Dutta, Shah, Silvanto, and Soto (2014), provide evidence of the neural correlates of these high-level cognitive tasks (like learning of complex item sequences, reading, arithmetic or delayed visual discrimination) operating on an unconscious level. They show that the dorsolateral and anterior prefrontal cortex can operate on non-conscious information in a way that seems different from automatic forms of sensorimotor priming that would support implicit working memory processes and higher-level cognitive function. They explain that visual stimuli below the threshold for conscious report can nevertheless be maintained and accessed for later use in a delayed memory discrimination test. The prefrontal cortex role in working memory may not be restricted to visible items, for example, but may also extend to non-conscious processes in the service of visual working memory.
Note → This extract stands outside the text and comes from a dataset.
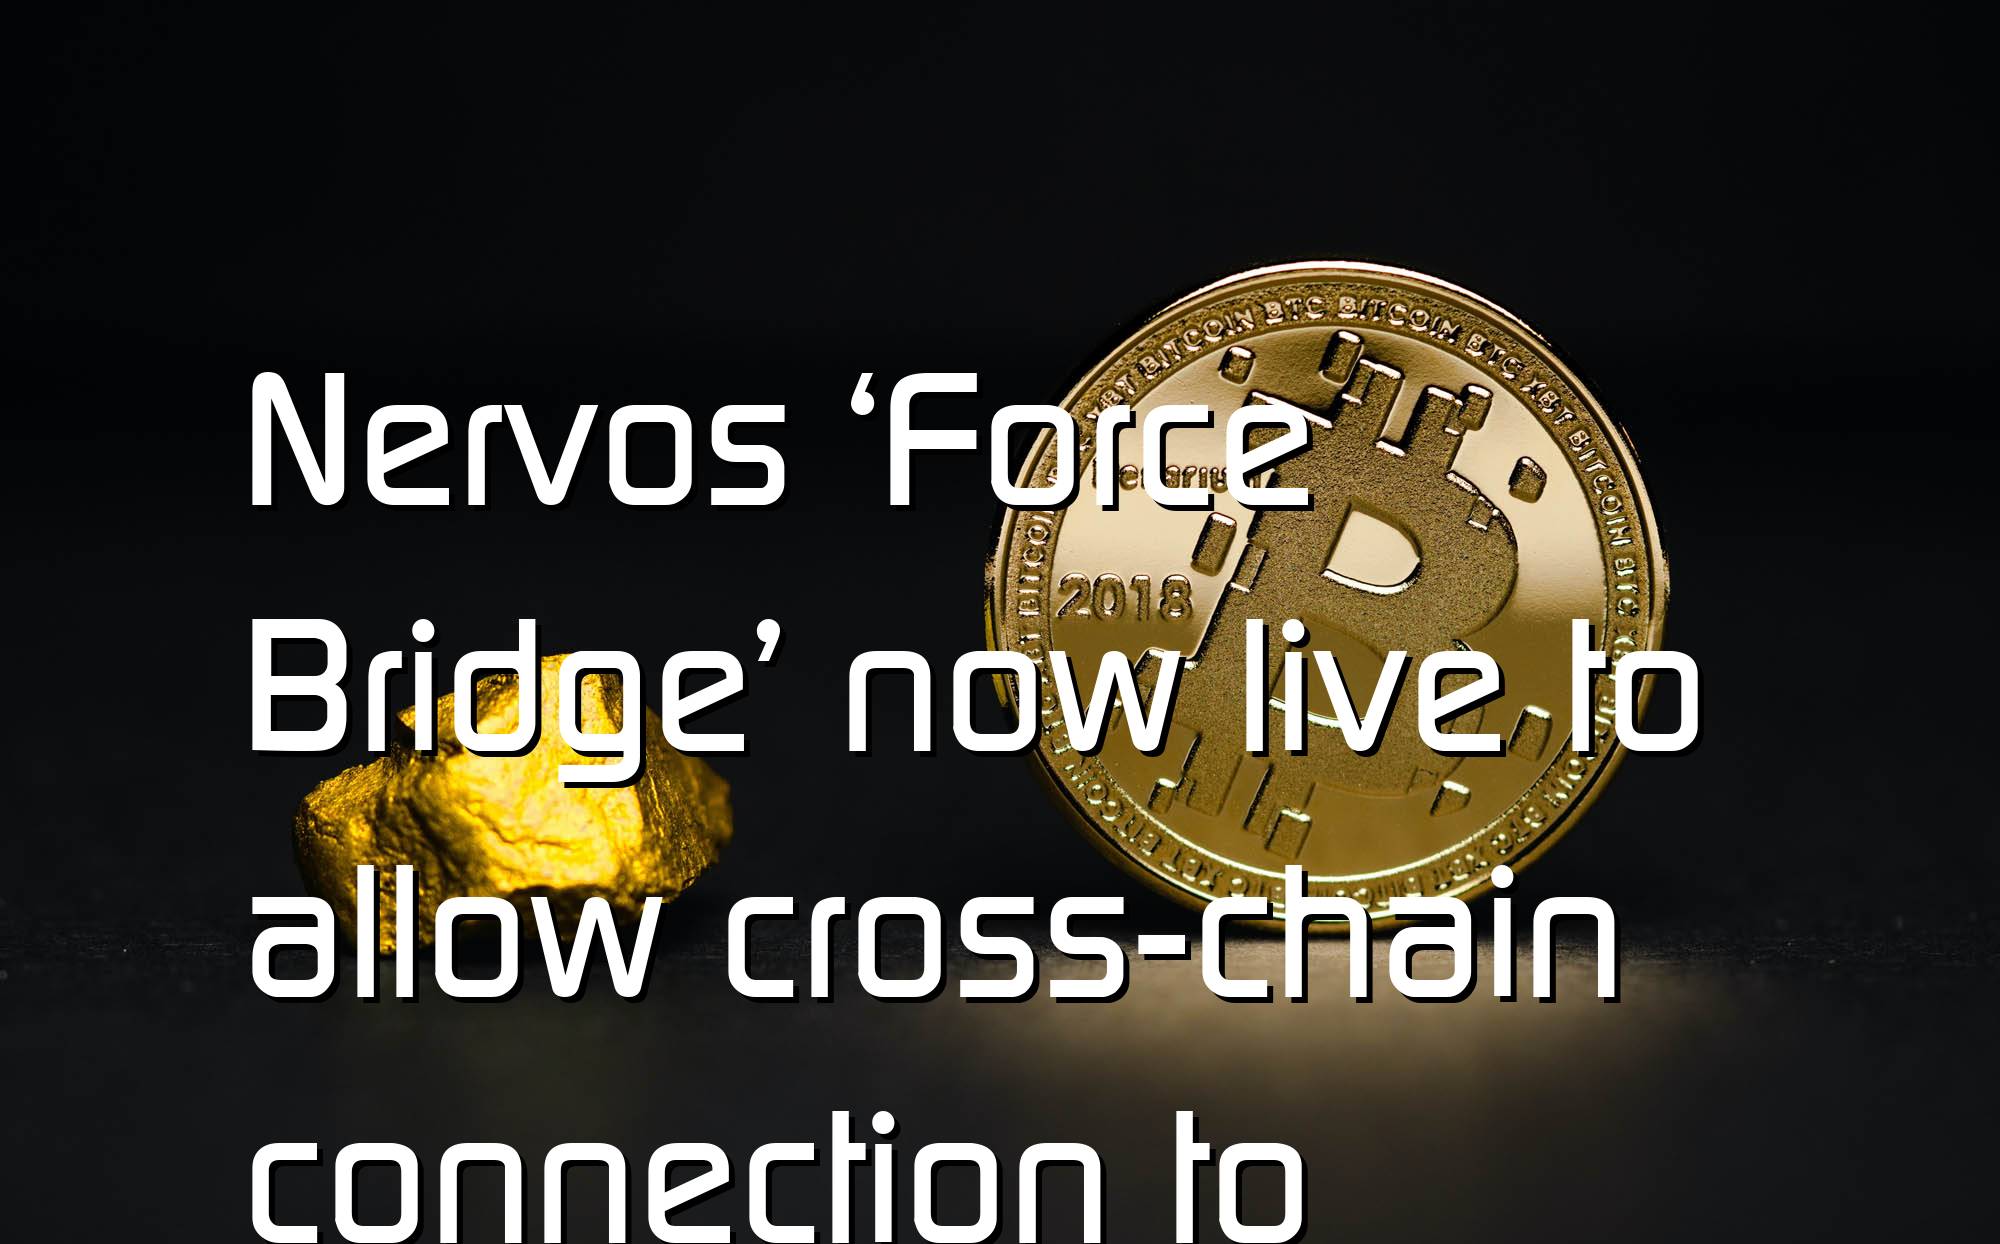 @$62976: Nervos ‘Force Bridge’ now live to allow cross-chain connection to Ethereum, Cardano, Polkadot
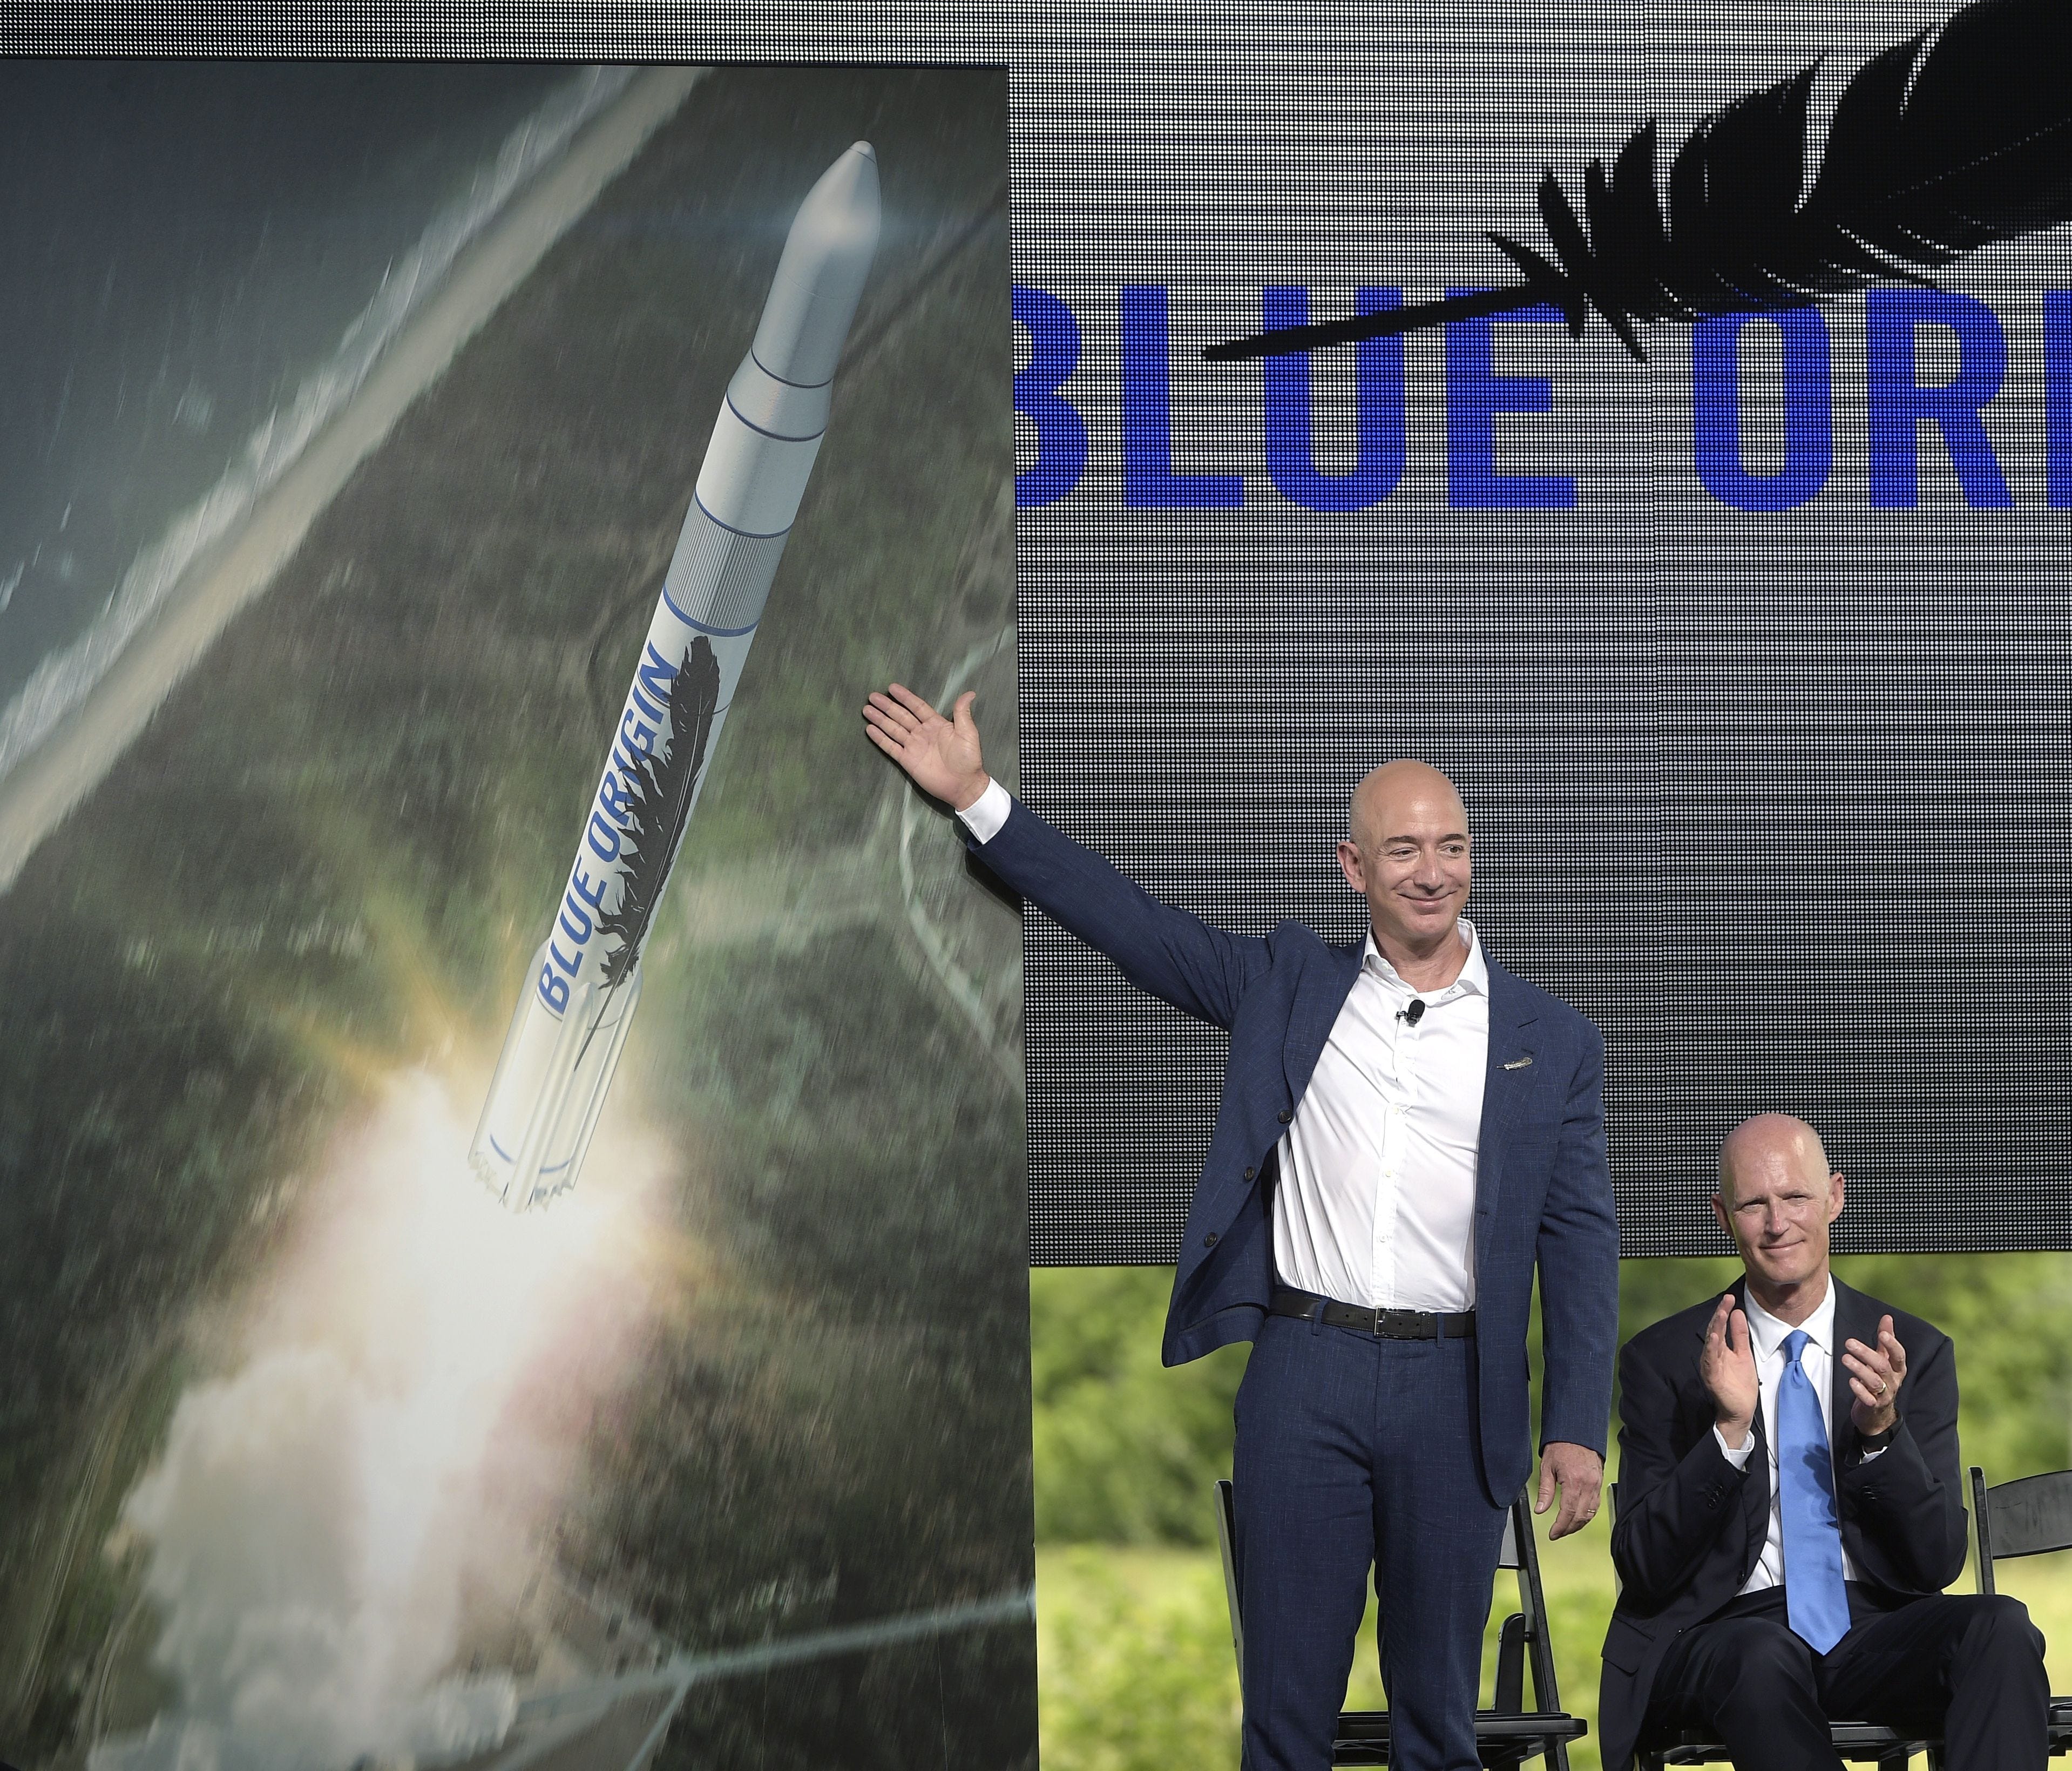 Amazon CEO Jeff Bezos, left, unveils the new Blue Origin rocket, as Florida Gov. Rick Scott applauds, during a news conference at the Cape Canaveral Air Force Station in Cape Canaveral, Fla., in September

It appears that there are other processes going on that contribute to the particular subjective experience we have of things, we would conclude that more than working memory is needed for conscious awareness. For example, according to Northoff (2003), the qualitative, phenomenological nature of qualia, could be related to an early activation of the ventromedial prefrontal cortex. At the same time, the co-activation in the ventromedial prefrontal cortex and hypothalamus, and the deactivation in the ventrolateral prefrontal cortex and posterior cingulate cortex, might account for the experience of presence of qualia, referring to the idea that something like the sweetness of chocolate is experienced as absent of time. At the same time, Northoff (2003) indicates, for example, that the non-structural homogeneity (the experience of unity and wholeness of our sensations) could be related to the multimodal nature of the ventromedial prefrontal cortex, integrating different aspects of our experience. The notion of transparency of our experience, the idea that our sensation are part of the world and we have a direct contact with it, might be related to a reciprocal suppression between the ventromedial and ventrolateral prefrontal cortex.

From all this information we could conclude that conscious awareness might need working memory but not all working memory content might fall under the realm of the conscious. So it might be the case that working memory is a good model and a necessary one to explain conscious awareness, but not a sufficient one. Further research on this topic should focus, if it is possible, on whether there can be conscious awareness without any sort of working memory, which would address the question of working memory being necessary for conscious awareness.